These brain scans show that drinking alcohol during adolescence is related to accelerated declines in gray matter in the brain. Gray matter is one type of brain tissue and is typically found around the brain’s surface. This analysis suggests that drinking causes gray matter to atrophy most aggressively in two regions: the left posterior temporal cortex a region towards the back of the brain, and the left prefrontal cortex.

This study was published Wednesday in the journal JAMA Psychiatry.

As teens age, gray matter volume naturally declines, but density of that tissue appears to increase in tandem. Alcohol, though, has historically been associated with accelerated gray volume decline in adolescents.

Gabriel Robert, this study’s first author, tells Inverse that this study lends some support that alcohol can be “neurotoxic” but it also shows how that decline could play out in behavior, and suggests that the effects are far more nuanced than one might think.

Specifically, he argues that gray matter atrophy might be a “contributing factor to the escalation of alcohol intoxication.” In other words, gray matter declines could drive teens to get drunk more often.

Gray matter and Drunkenness

This study is based on brain scans and the drinking behavior of 726 adolescents from several cities across Europe. These teens generally weren’t heavy drinkers, says Robert — 117 of them had only gotten drunk twice in their lives. The team asked those teens about their drinking habits when they were 14, 16, and 19, and took brain scans twice, once when they were 14 and again at age 19.

Regions of the brain where alcohol use appears to drive gray matter atrophy in teens, according to this study. 

JAMA Psychiatry 

Taken together, the analysis shows that as gray matter declined in the teen’s brains, drinking frequency rose. While the fact that teens got drunk more often when they were older may not be especially surprising, their statistical analysis suggests that it was the gray matter declines that partially drove this drinking behavior.

For example, adolescent girls from London, the group who saw the quickest declines in gray matter over the study period, showed the greatest increase in drunkenness (which means they got drunk more often.) By comparison teenage boys from Paris, the group that saw their gray matter decline the slowest didn’t get drunk as often.

This suggests that there is a relationship between gray matter atrophy and how often teens get drunk — which hints at the consequences of gray matter declines that other studies have shown before. But Robert says we should look at this relationship carefully.

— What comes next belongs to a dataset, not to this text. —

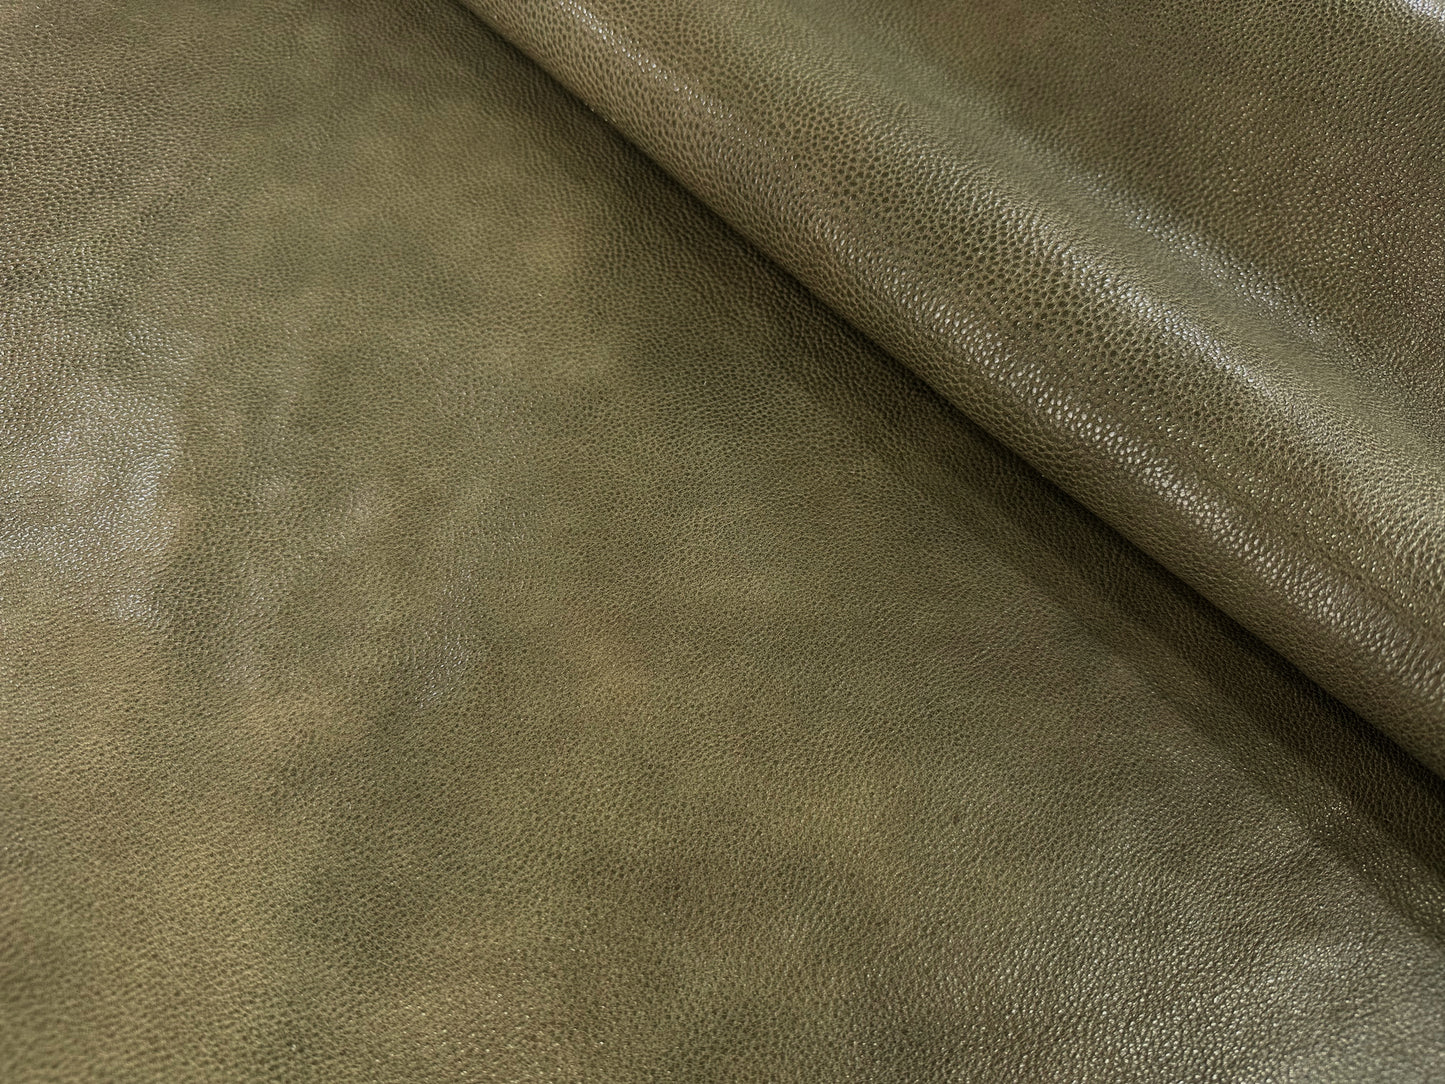 MW Natural Tanned Shrink Leather #9 Olive

“The regular interpretation of ‘alcohol drinking during adolescence destroys the developing brain and we can see it on the MRI’ is too simplistic and does not reflect the complexity of the brain,” he says.

The real question is: What do these changes in the brain mean for behavior? It’s here that the study offers a hypothesis — arguing that declining brain matter may also affect these young drinker’s personalities.

How does gray matter decline affect personality?

Ultimately, the team found that there were strong relationships between personality traits like impulsivity and drunkenness. However, they were only able to pinpoint this result in one group — the boys.

“Here, we show that impulsivity trait at 14 years-old is associated with a future increase of alcohol intoxication between 14 and 19 years old, which was particularly true among boys, even in healthy adolescents,” Robert says.

Drinking during adolescence was linked to declines in the brain's gray matter, and more drunken episodes in the future.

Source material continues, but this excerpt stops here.